Transcribe the listing exactly, so that nothing but the pictures is missing.

-- Supplied material --
>>>
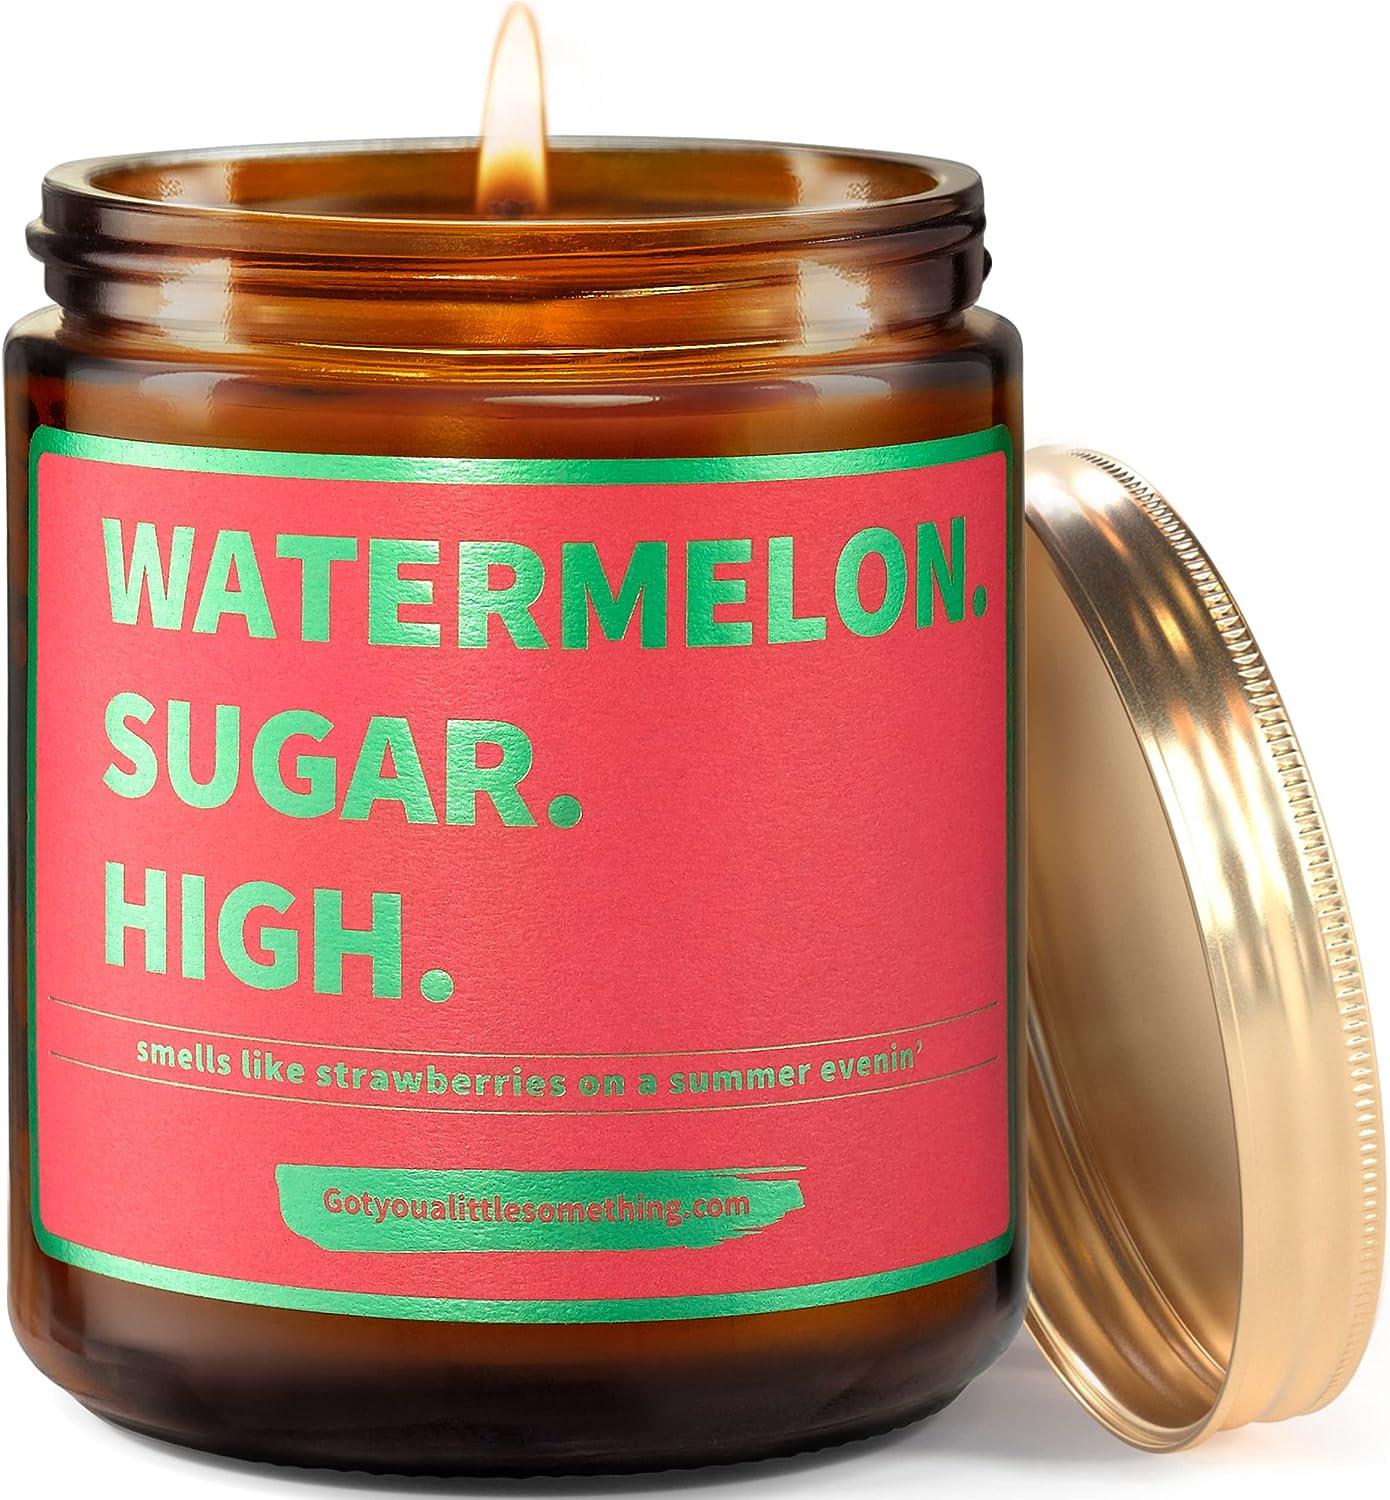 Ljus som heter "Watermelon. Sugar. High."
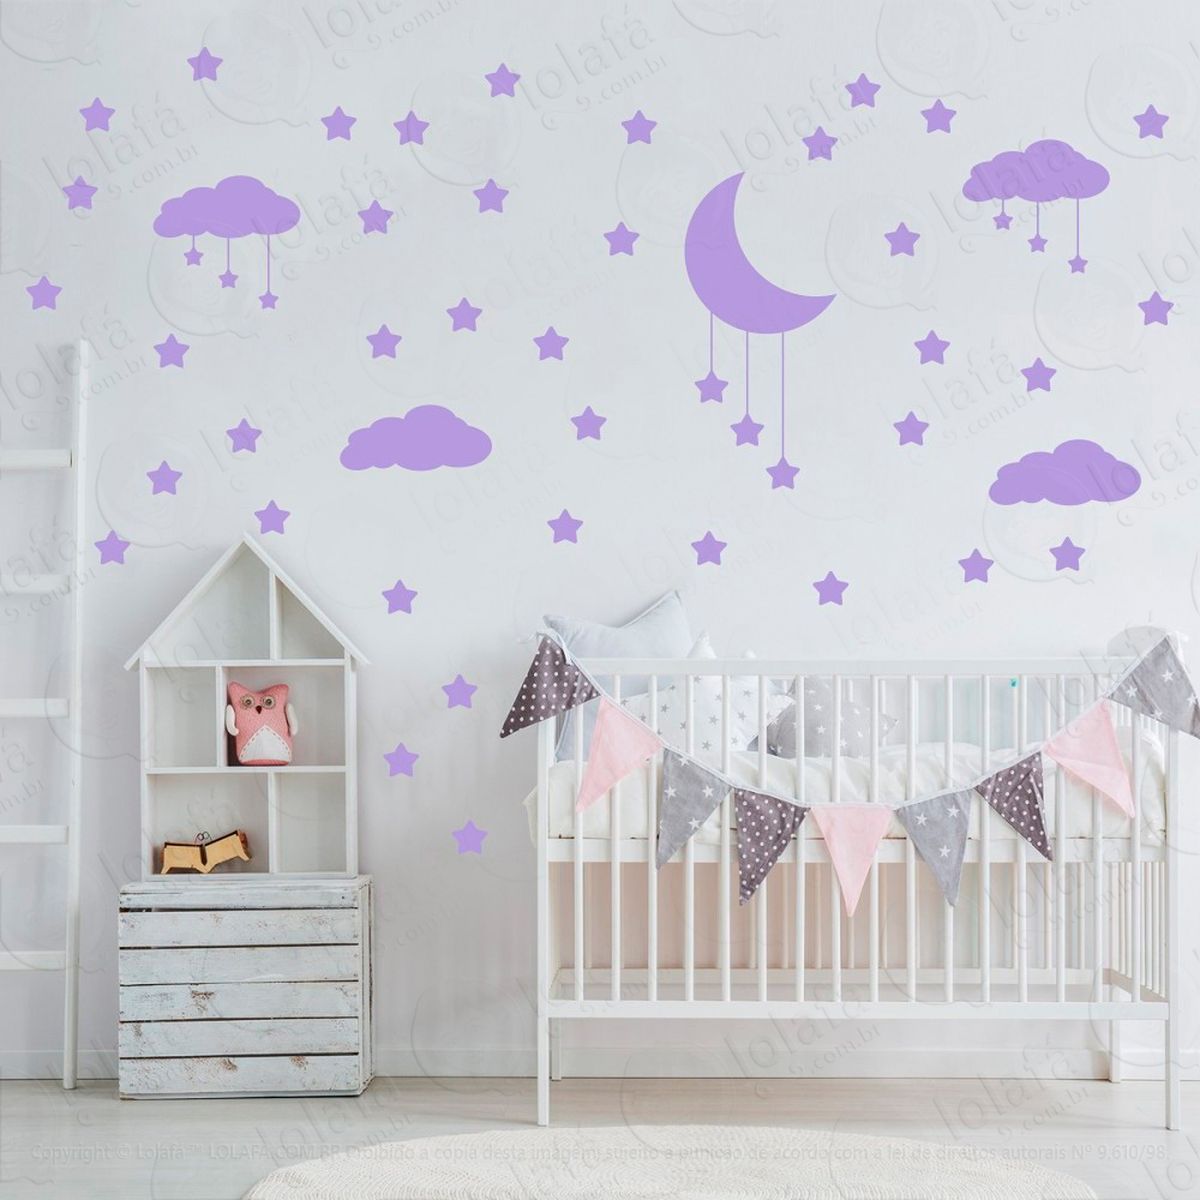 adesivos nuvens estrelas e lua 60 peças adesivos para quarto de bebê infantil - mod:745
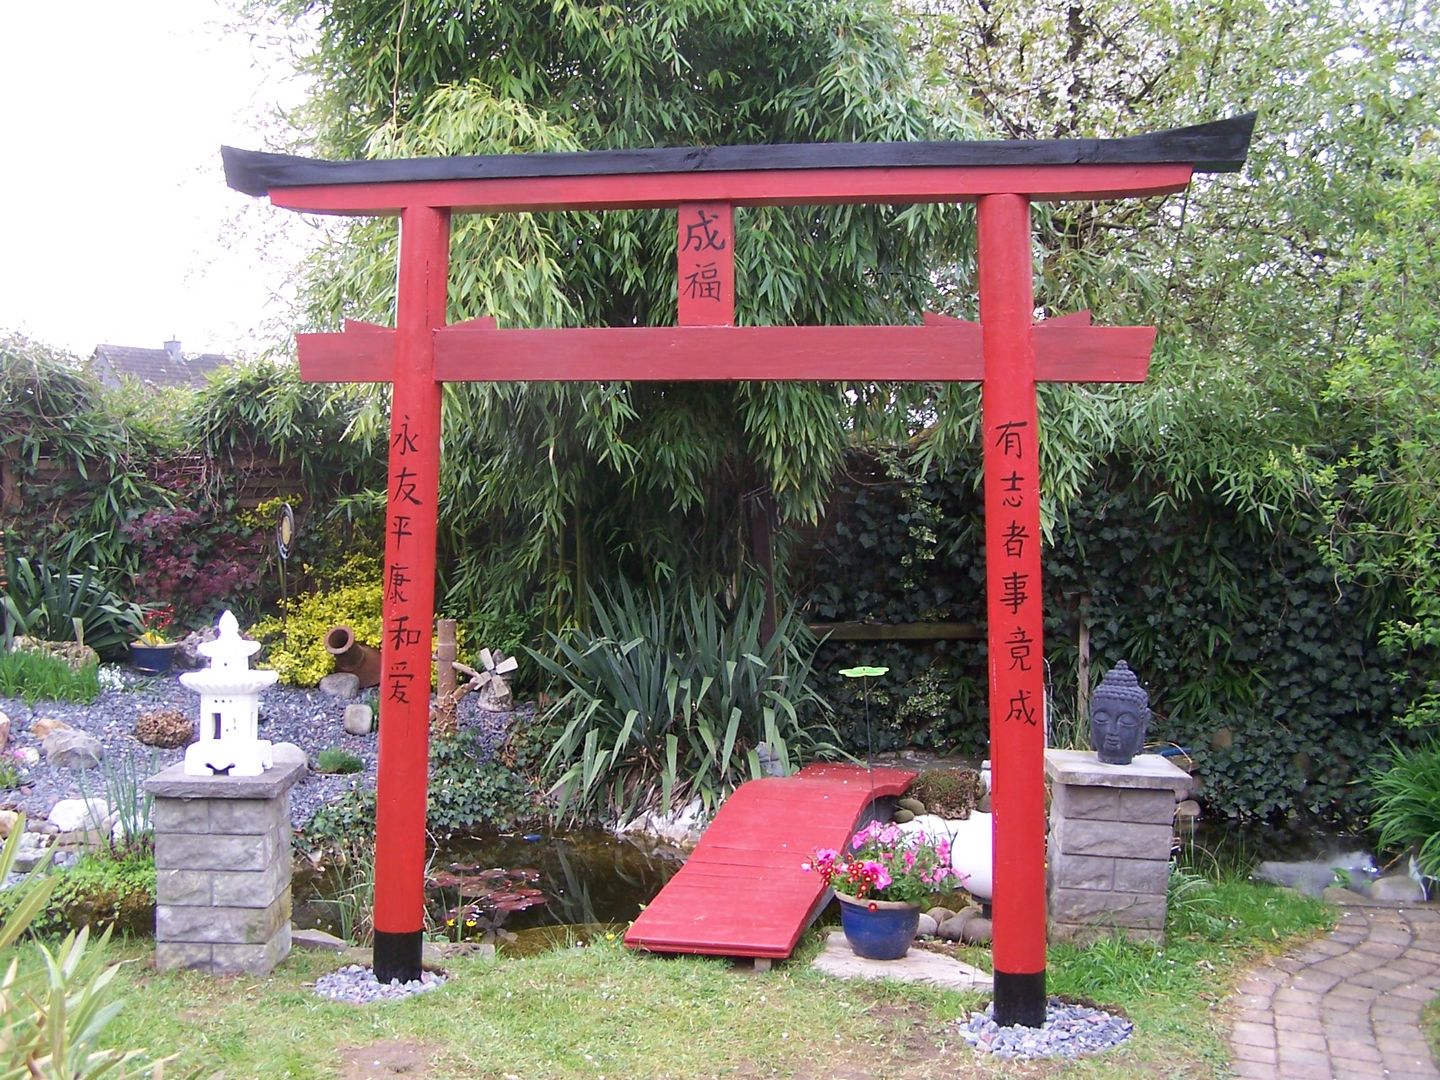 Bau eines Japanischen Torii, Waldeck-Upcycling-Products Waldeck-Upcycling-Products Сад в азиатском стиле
<<<
-- Written response --
 Ljus som heter "Watermelon. Sugar. High."
 adesivos nuvens estrelas e lua 60 peças adesivos para quarto de bebê infantil - mod:745
 Bau eines Japanischen Torii, Waldeck-Upcycling-Products Waldeck-Upcycling-Products Сад в азиатском стиле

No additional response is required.